2. The system of claim 1, wherein the data classification unit comprises:
the strategy selection subunit is used for analyzing the characteristic parameters of the multiple data types, determining the data types to be short text data when the characteristic parameters of each data type in the multiple data types are lower than a preset threshold value, and selecting a first strategy as the classification strategy;
and the strategy executing subunit is configured to randomly extract the seed word when the first strategy is adopted to identify the user relationship with the indication feature for the short text data, the seed word can represent the user relationship with the indication feature, the seed word is used as a reference, the data with the multiple data types is used as a training sample to be analyzed, and the training sample is compared with the seed word to realize classification training, so that the user relationship with the indication feature is identified from the data.
3. The system of claim 2, wherein the policy enforcement subunit comprises:
a vector generation module to represent the data as vectors in a vector space according to a vector space model; each word in the data is used as one dimension of the vector, and the total dimension of the vector is the total word number of the data;
the classification training module is used for determining a segmentation plane according to the distribution positions of the vectors corresponding to the vector and the seed words in the vector space so as to identify the user relationship with the indication characteristics;
and the analysis result output module outputs the identified user relationship with the indication characteristics.
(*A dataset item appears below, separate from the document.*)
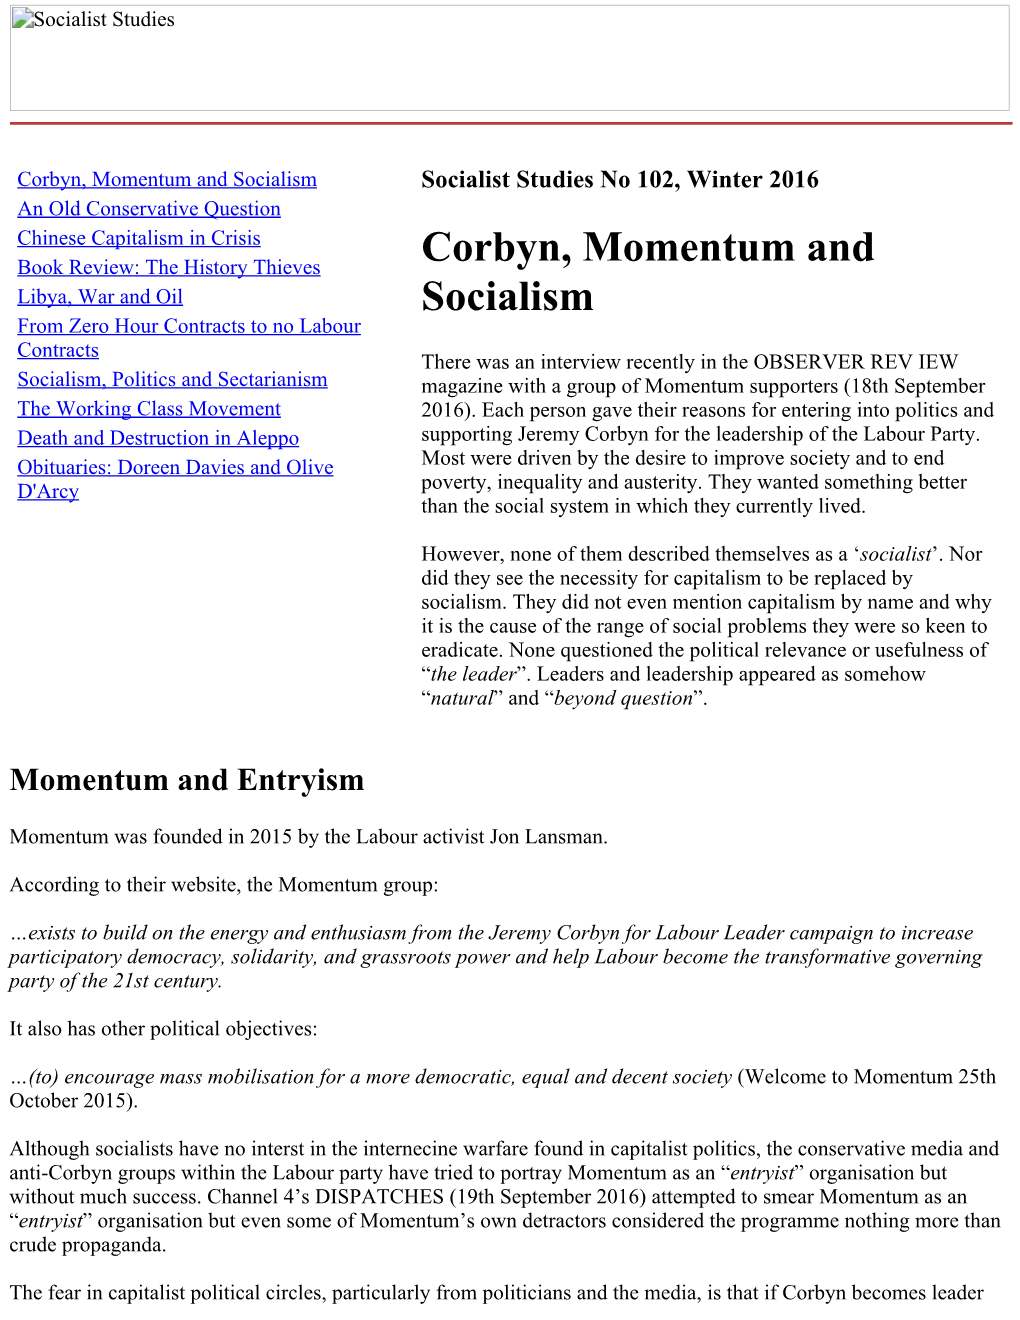 Corbyn, Momentum and Socialism

4. The system of claim 2, wherein the policy enforcement subunit comprises:
the vector generation module is used for representing the data as a vector in a vector space according to a preset fixed dimension and a vector space model; the fixed dimension is derived based on context information of each word in the data;
the classification training module is used for determining a segmentation plane according to the distribution positions of the vectors corresponding to the vector and the seed words in the vector space so as to identify the user relationship with the indication characteristics;
and the analysis result output module outputs the identified user relationship with the indication characteristics.
5. The system of claim 1, wherein the data classification unit comprises:
the strategy selection subunit is used for analyzing the characteristic parameters of the multiple data types, determining that the data types are short text data when the characteristic parameters of part of the data types in the multiple data types are lower than a preset threshold value, determining that the data types are long text data when the characteristic parameters of part of the data types are higher than the preset threshold value, and selecting a second strategy as the classification strategy;
and the strategy executing subunit is configured to, when the second strategy is adopted to identify the user relationship with the indication feature for the long text data, construct the seed word from the user relationship with the indication feature obtained by identifying the short text data with the first strategy, use the seed word as a reference, and perform similarity comparison between the data with the plurality of data types as a training sample to be analyzed and the seed word to implement classification training, so as to identify the user relationship with the indication feature from the data.
6. The system of claim 5, wherein the policy enforcement subunit comprises:
a seed word construction module, configured to obtain the positive sample seed word and the negative sample seed word when the seed word is constructed by using the user relationship with the indication feature obtained by identifying the short text data by using a first policy;
a vector generation module to represent the data as vectors in a vector space according to a vector space model; each word in the data is used as one dimension of the vector, and the total dimension of the vector is the total word number of the data;
the classification training module is used for determining a segmentation plane according to the distribution positions of the vectors corresponding to the vectors, the positive sample seed words and the negative sample seed words in the vector space so as to identify the user relationship with the indication features;
and the analysis result output module outputs the identified user relationship with the indication characteristics.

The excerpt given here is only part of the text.